__What is expected__
Looking at the listing below, retype exactly the lines starting at the one containing "Linterna de cabeza" and ending at the one containing "Robot Coupe PG", both included, and nothing else.

__Source data__
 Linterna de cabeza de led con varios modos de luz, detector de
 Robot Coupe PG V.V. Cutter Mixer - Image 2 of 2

--

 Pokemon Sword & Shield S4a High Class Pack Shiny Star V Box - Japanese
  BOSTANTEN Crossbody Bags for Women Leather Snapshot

__Answer section__
 Linterna de cabeza de led con varios modos de luz, detector de
 Robot Coupe PG V.V. Cutter Mixer - Image 2 of 2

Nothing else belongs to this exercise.